Elimimian was named the defensive coordinator and linebackers coach at Simon Fraser in 2014, working under Jacques Chapdelaine. He also interviewed for the vacant head coaching job in 2014 after Chapdelaine resigned after one season to pursue other opportunities.

=== Hawaii ===
Elimimian was hired as the secondary coach at his alma mater Hawaii in 2015. He served as the defensive play-caller for the team's match-up against Louisiana–Monroe after defensive coordinator Tom Mason was reassigned to an administrative role. He was retained by newly hired head coach and former Warrior teammate Nick Rolovich in 2016, and changed from secondary coach to coaching exclusively cornerbacks in 2018 following the hire of Corey Batoon. Following Rolovich's departure from Hawaii in 2020, Elimimian was retained by new head coach Todd Graham and was also given the title of recruiting coordinator.

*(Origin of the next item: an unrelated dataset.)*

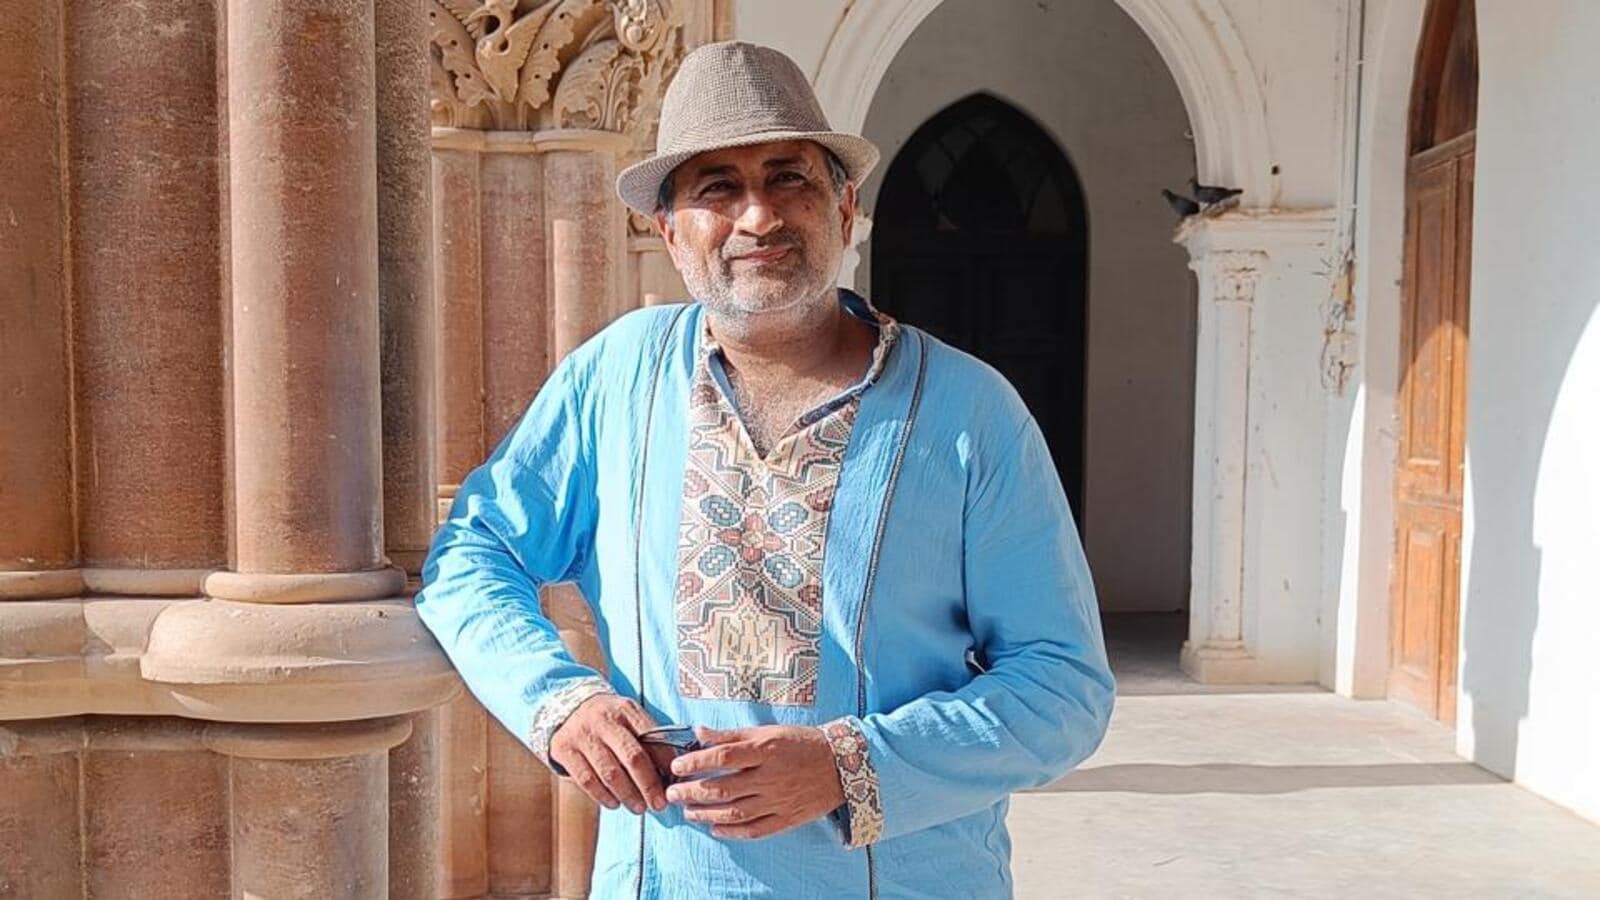 Screenwriter, Mohinder Pratap Singh: “I’d like to see more justice in the world”

Elimimian and Hawaii parted ways prior to the start of the 2023 season.

== Personal life ==
Born in Calabar, Nigeria, and raised in Los Angeles, Elimimian is the son of a retired professor. His brother Solomon was a linebacker who also played at Hawaii and was the first pure defensive player to win the CFL's Most Outstanding Player Award and the first player to win three different CFL awards.